DATA PROVIDED:

+--

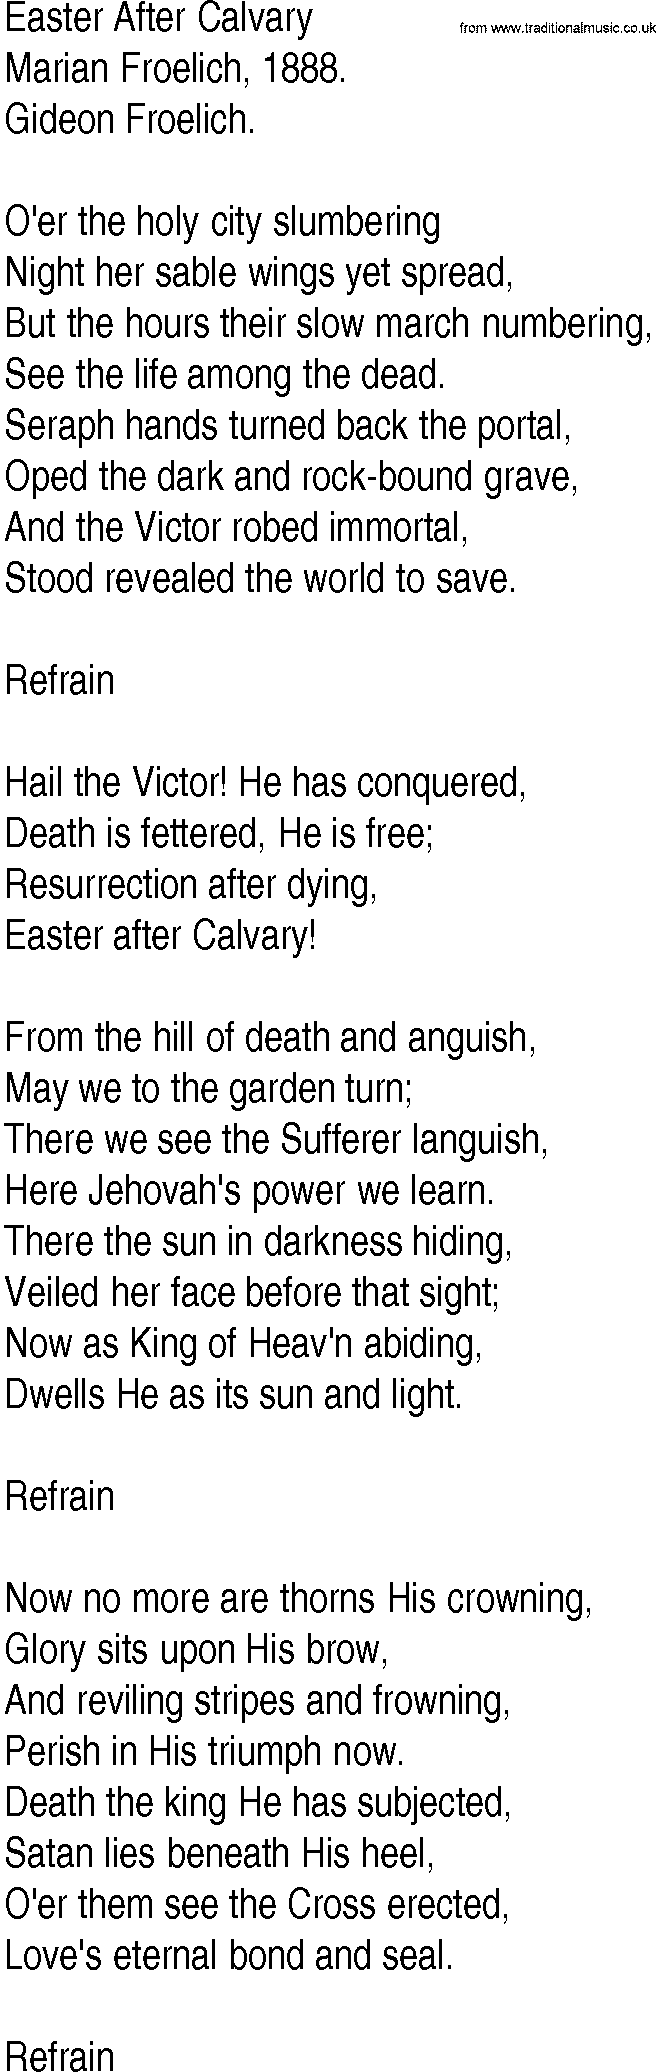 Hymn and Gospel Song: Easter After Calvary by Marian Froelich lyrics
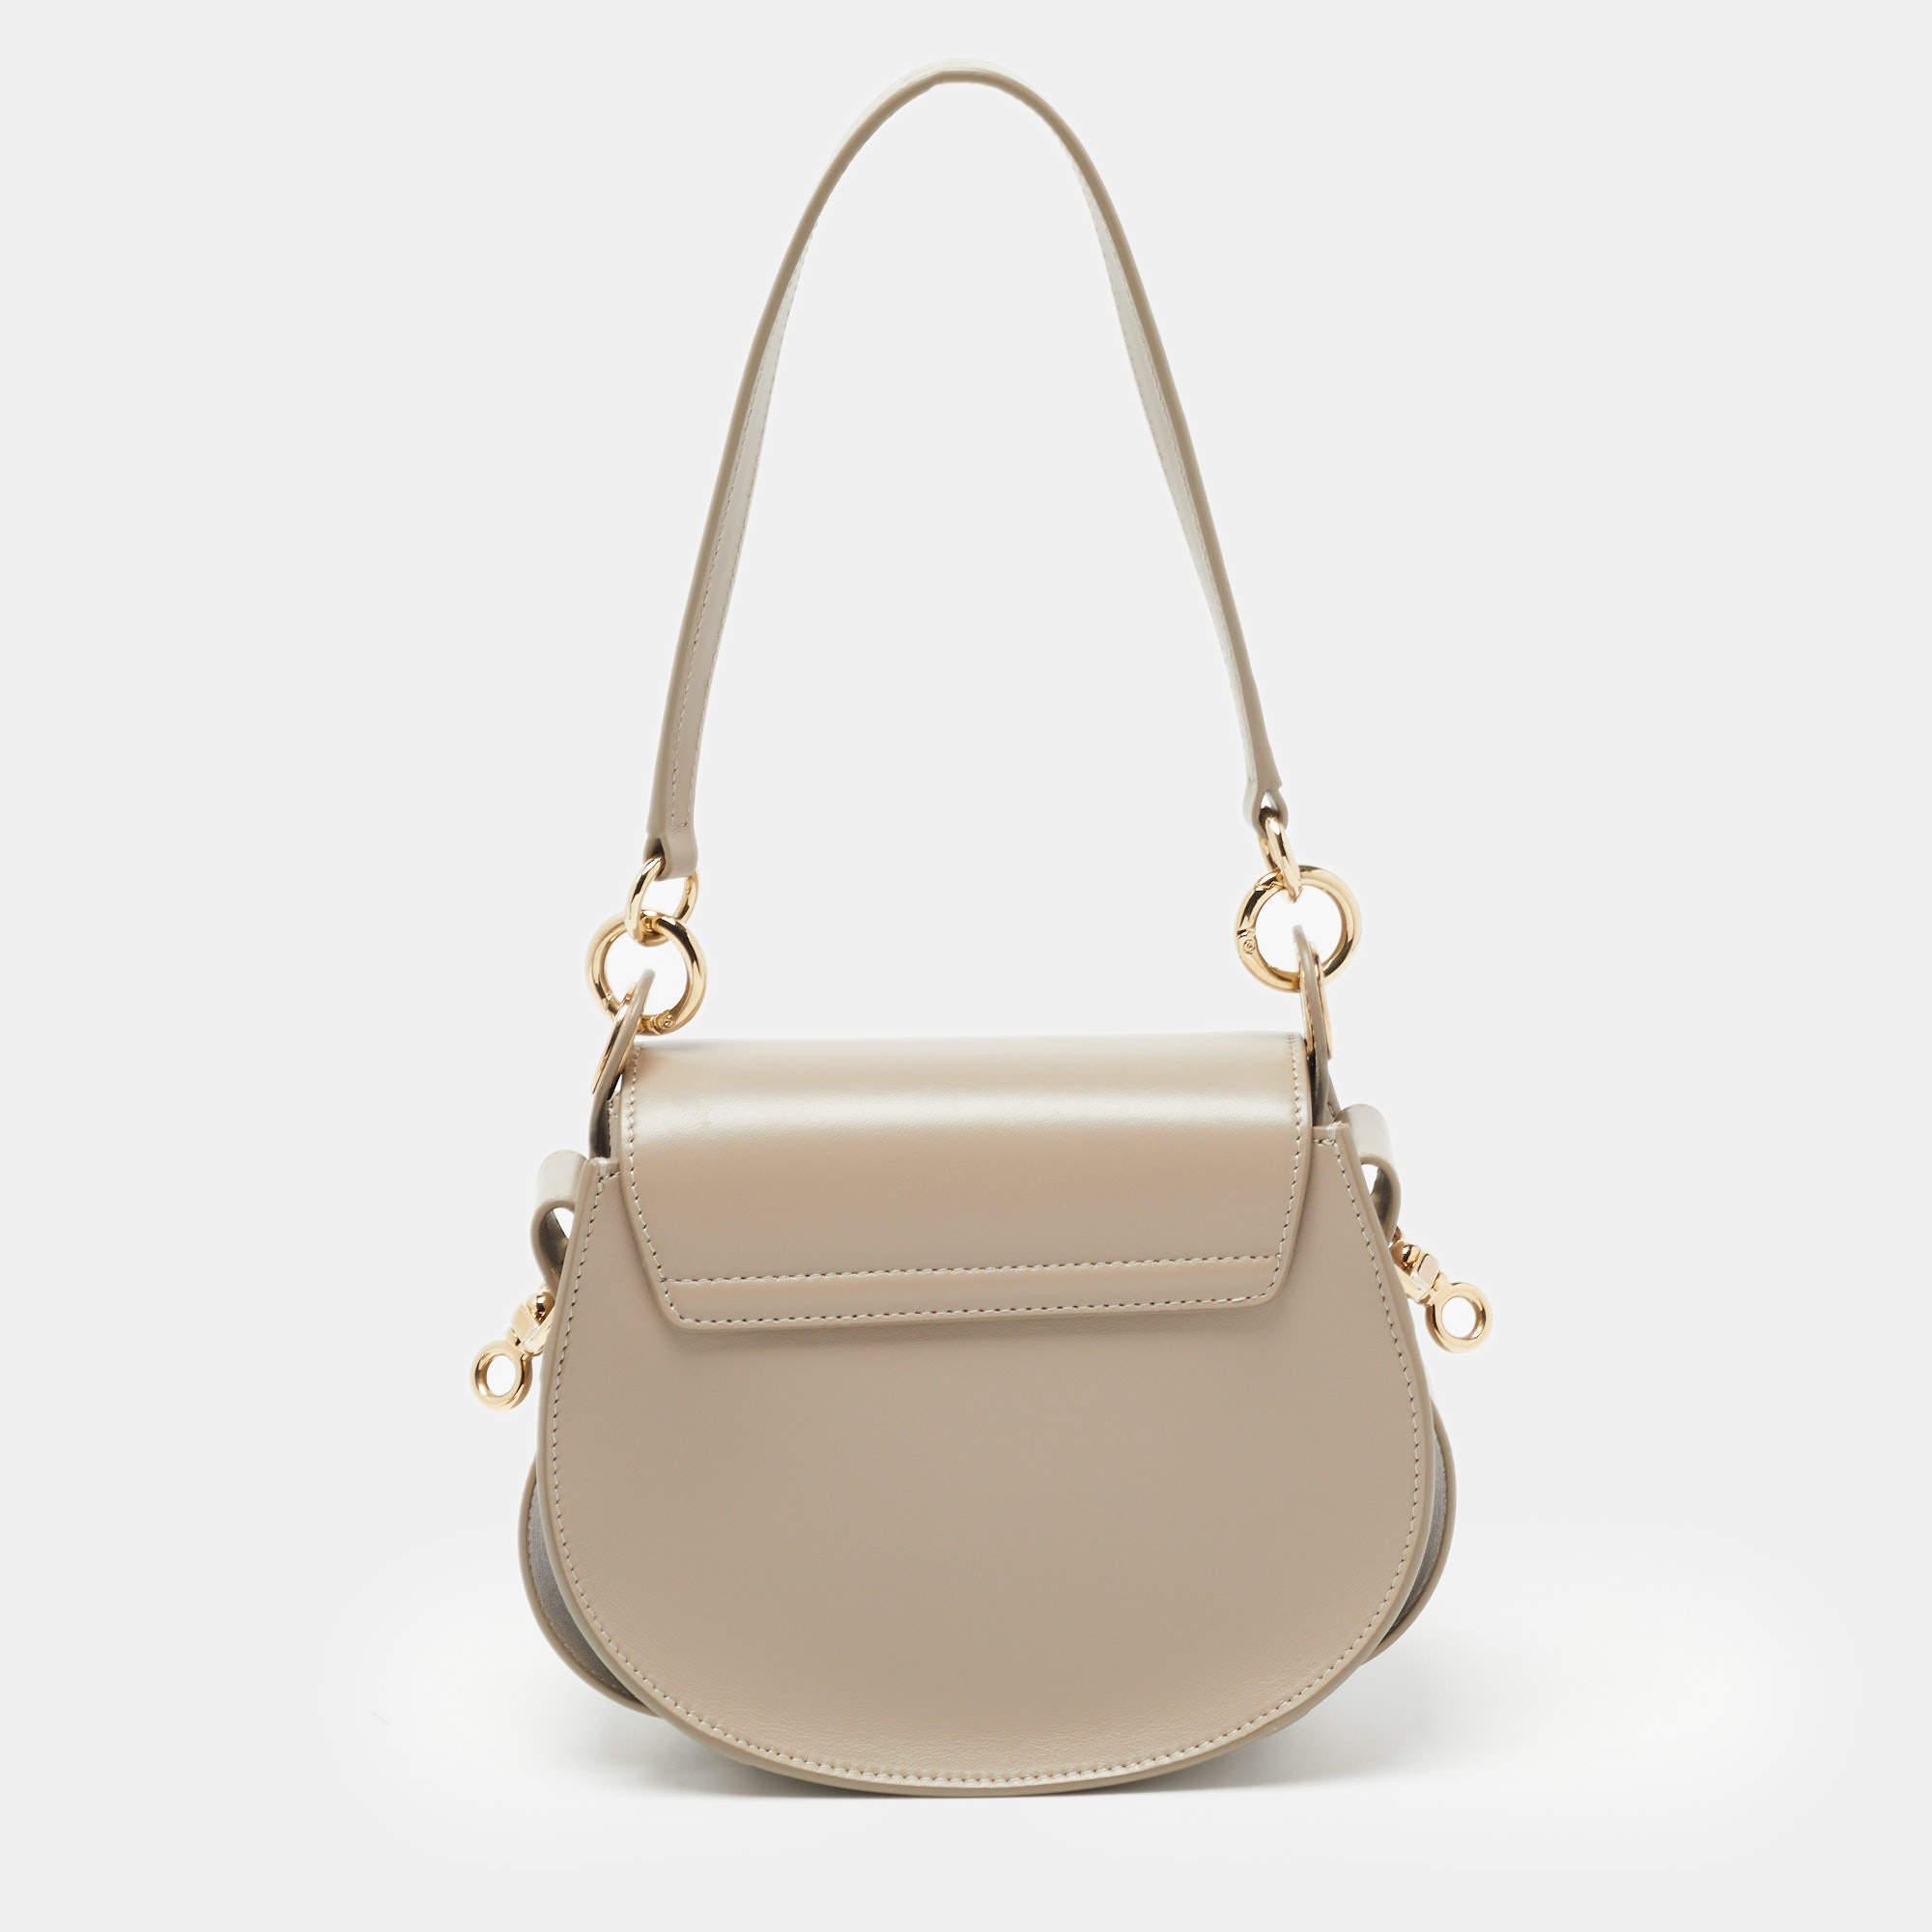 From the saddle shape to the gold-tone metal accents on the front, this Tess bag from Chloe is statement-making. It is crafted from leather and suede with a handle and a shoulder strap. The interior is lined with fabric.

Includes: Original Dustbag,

+--

EXERCISE DIRECTIONS: Write out again, exactly, only the lines from the beginning of the material above to the line that holds "From the saddle", both ends included, and no pictures.

TASK RESPONSE:
 Hymn and Gospel Song: Easter After Calvary by Marian Froelich lyrics
 From the saddle shape to the gold-tone metal accents on the front, this Tess bag from Chloe is statement-making. It is crafted from leather and suede with a handle and a shoulder strap. The interior is lined with fabric.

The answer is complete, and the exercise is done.